Posted: Sat Apr 05, 2008 8:20 pm
by maggienetball
Now I know I'm eccentric, and some may say I was mad, but I want to know if anyone knows where all the blooming stones in my garden have come from.
I dug my new veggie ptches thoroughly and scrupulously last year and grew well on them. I did remove quite a lot of stones, it's true. But I also made sure that I left no big stones at all in my beds. I turned the earth in the autmn on the vacated beds too.
However, over the last 2 weeks I have been digging the same beds again ready for my seedlings. And the beds are literally full of stones. Some are on the top of the soil but there are just loads and loads underneath. Some of them are absolutely MASSIVE and rerquire leverage.
I have never seen anything like this.
I have 2 thoughts about the source of the stones, given that my garden is totally secure and no one has deliberately planted them. And my dog can't get into the veggie area.
Now I know these may sound daft ideas but does anyone know if....
1. earthworms raise stones to the surface?
2. Tree roots move stones and push them up to the surface. There are loads of tree roots in the garden but none in the top 12 inches of my veg beds.
I will leave no stone unturned in getting to the root of this problem!!
Any ideas anyone?
Posted: Sat Apr 05, 2008 8:48 pm
by ina
Just shows you that soil is not inert! I think both of your ideas may have some truth in them. Lots of things going on underground.
Posted: Sat Apr 05, 2008 8:57 pm
by Annpan
Here's a small experiment to show how it happens.......
Put a cup of peas and a cup of cous cous (dried please, this is a scientific study, not a recipe

) anyway put them into a bowl and stir.
You now have an example of your veg plot, mixture of stones (peas) and soil (cous cous)
Now pick the peas off the top...
Now tap the side of your bowl gently a few times... (simulating, gentle earthquakes, walking past the plot, worms and roots movement)
More peas will now have risen to the top...
That is how your stones always come to the top.....
That's science baby
ummmmmm I haven't actually done this... but it should work....it should

Posted: Sat Apr 05, 2008 9:05 pm
by ina
The question remains - who is it that gently taps the side of the garden?

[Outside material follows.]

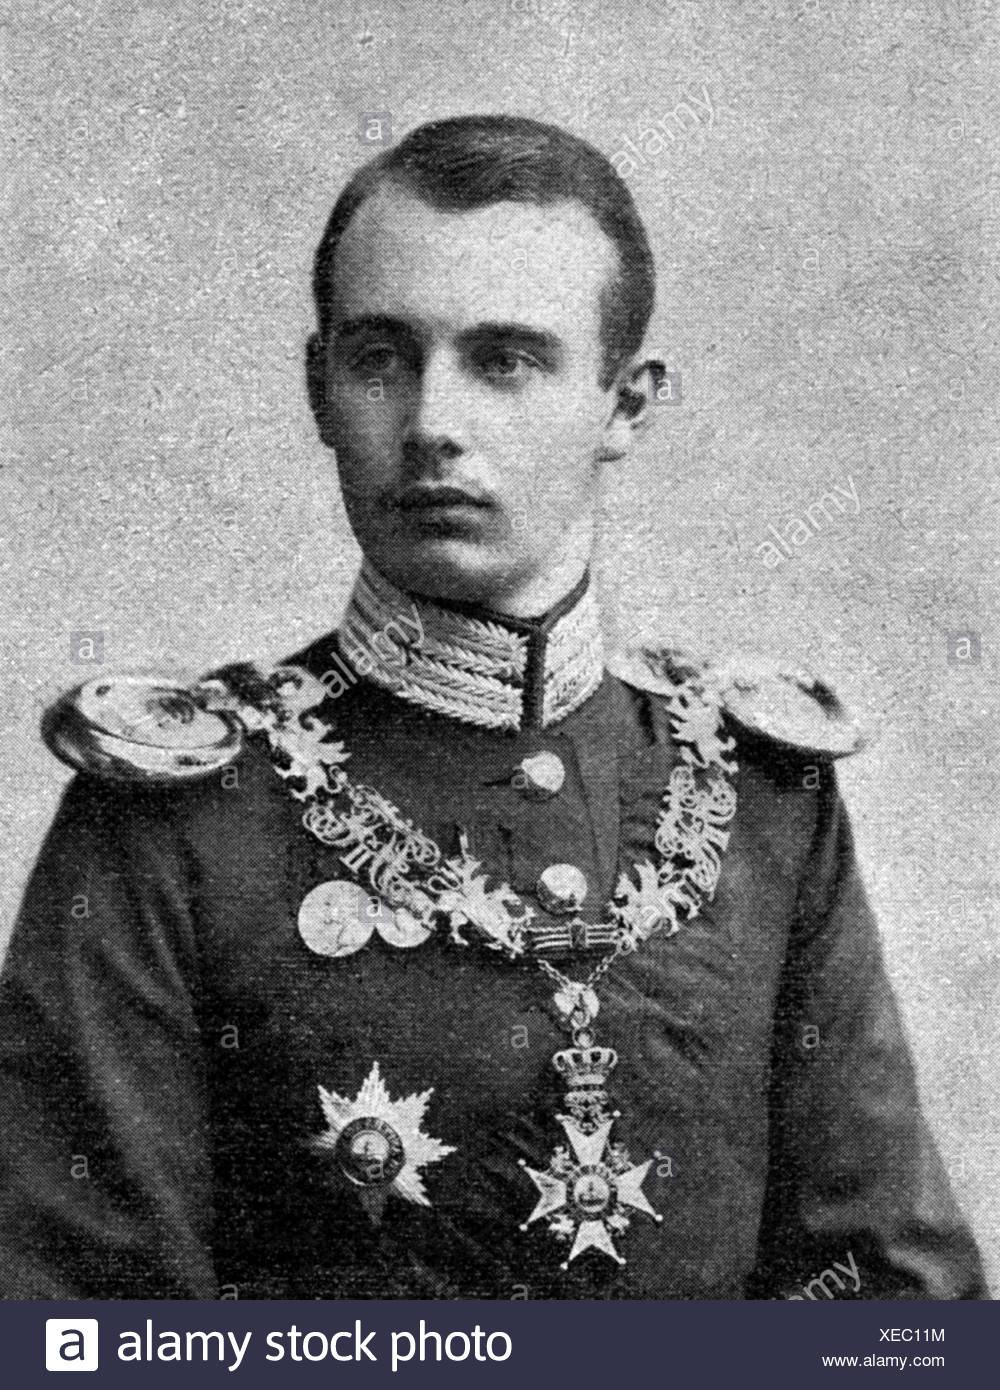 Frederick Francis IV, 9.4.1882 - 17.11.1945, Grand Duke of Mecklenburg-Schwerin, portrait in uniform, after photo by W. Hoeffert Stockbild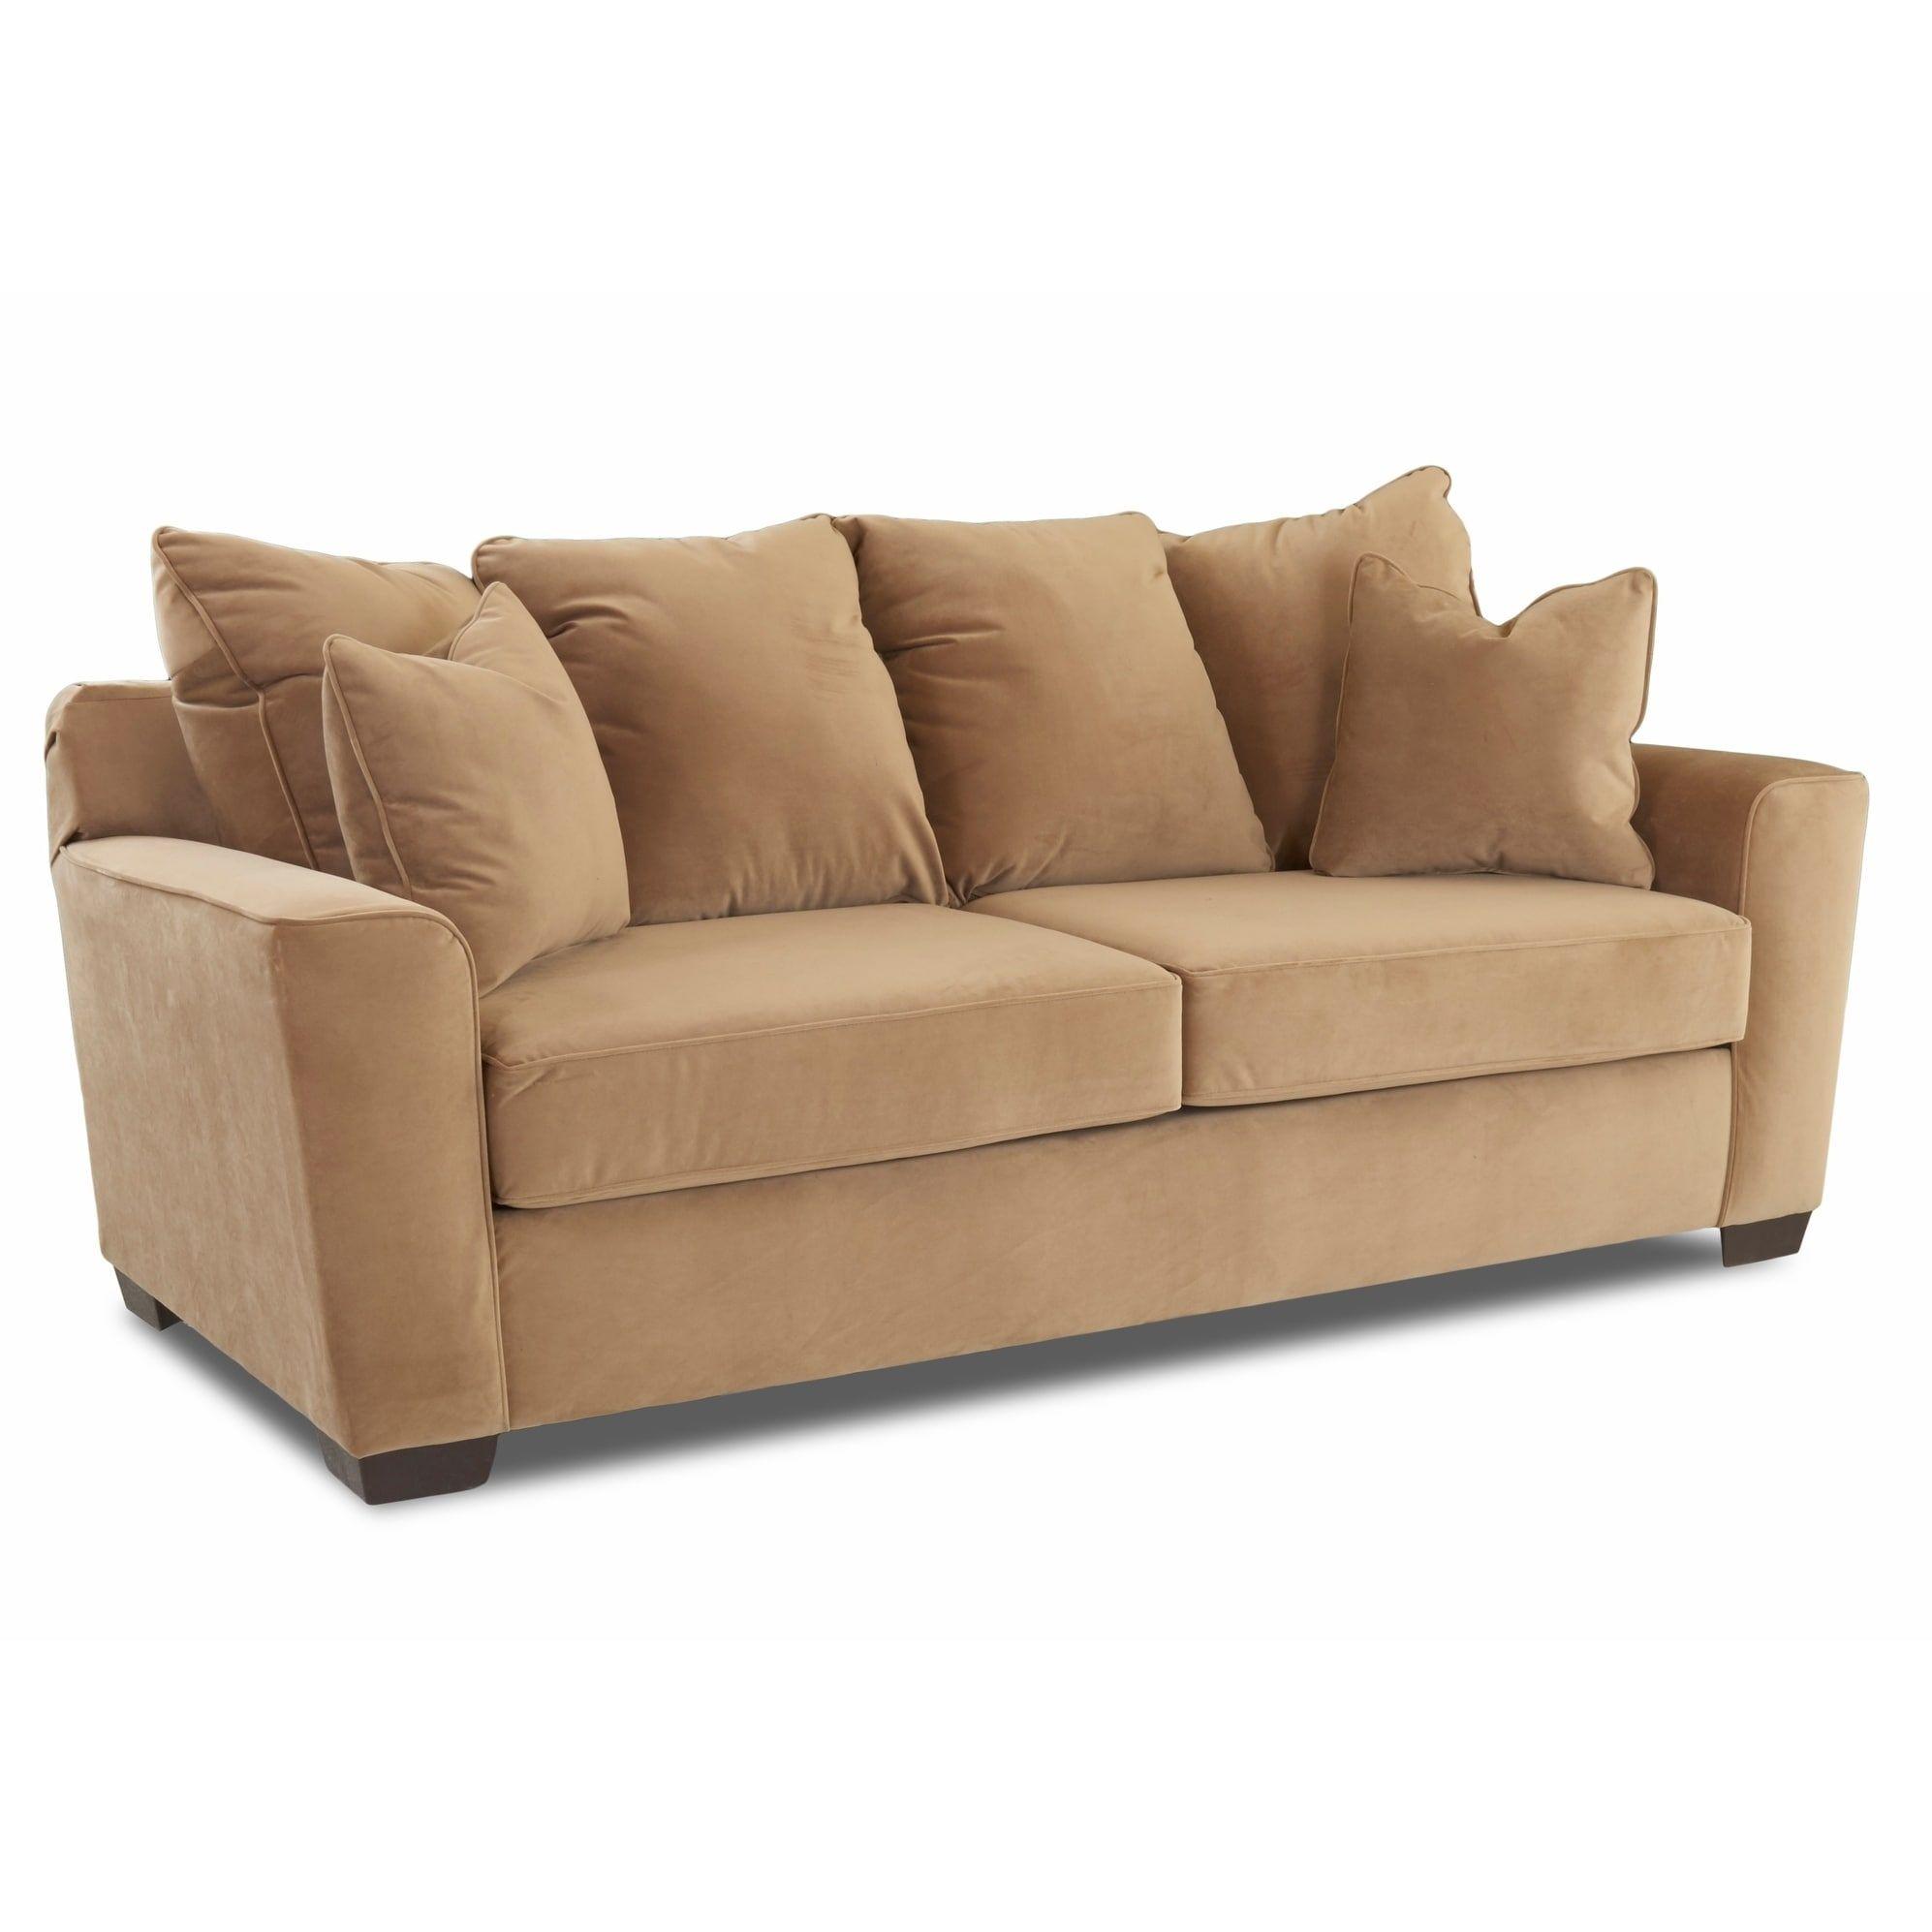 Klaussner Furniture Heather Microfiber Sofa (Coffee), Tan (Polyester)

Posted: Sat Apr 05, 2008 9:12 pm
by camillitech
I have a similar puzzle with bottles. Lived here 18 years and one of the first things I did was check out the bottle dump behind the house and sure enough every year, no matter how thorough I am more and more bottles appear. Brylcream, milk of magnesia, coopers sheep drench, cream jars, every brand of whiskey Known to man, HP sauce, every shape and colour you can imagine.
Cheers, Paul
Posted: Sat Apr 05, 2008 9:33 pm
by Thurston Garden
Don't talk to me bout stones! I am as stiff as h3ll today... went to the farm yesterday morning to collect 3 bags of pig food. Elaine looked delightedto see me: "Are you busy?" she asked. Now I had offered to help previously and spent the morning moving sheep with their lambs from one field to another then walking ewes from the lambing shed to the newly emptied field carrying their lambs and trying to get them to follow (some sheep are pretty thick and did not want to follow!) However after moving about 160 ewes and their their lambs we had a quick lunch then I was asked "Can you help us pick stones?" again I said "Of course" I knew the contractor and his seed drill was on the farm that day and the weather was ideal for sowing - both Elaine, her husband and two girls have been lambing through the night and were knackered. So their Polish worker Radek and I set off to pick stones in what was probably a 20 acre field that had been permanent pasture before. We had been in the field about half an hour when the drill press joined us - boy did we have to go at some pace to keep in front of him. Radek was driving a telehandeler with a 2.5 tonne bucket and I was on a quadbike. We went two abreast and picked just over 10 tonnes of stones off the field in 5 hours. We almost ended up cornered at the finish by the seed drill but we did make it!
Given the choice again (which I think will be Monday!) between sheep and stones I will pick sheep every time!
Posted: Sat Apr 05, 2008 9:46 pm
by snapdragon
trolls
or gremlins
or leprechauns
or it could be pixies
depends on your type of soil
'tis mining spoil
hi ho, hi ho, it's off to work we go --------------------

Posted: Sat Apr 05, 2008 11:12 pm
by MKG
THis is exactly why, year after year, metal detectorists return to the same site (unploughed) and find more stuff.
Posted: Sun Apr 06, 2008 12:00 am
by Ellendra
ina wrote:The question remains - who is it that gently taps the side of the garden?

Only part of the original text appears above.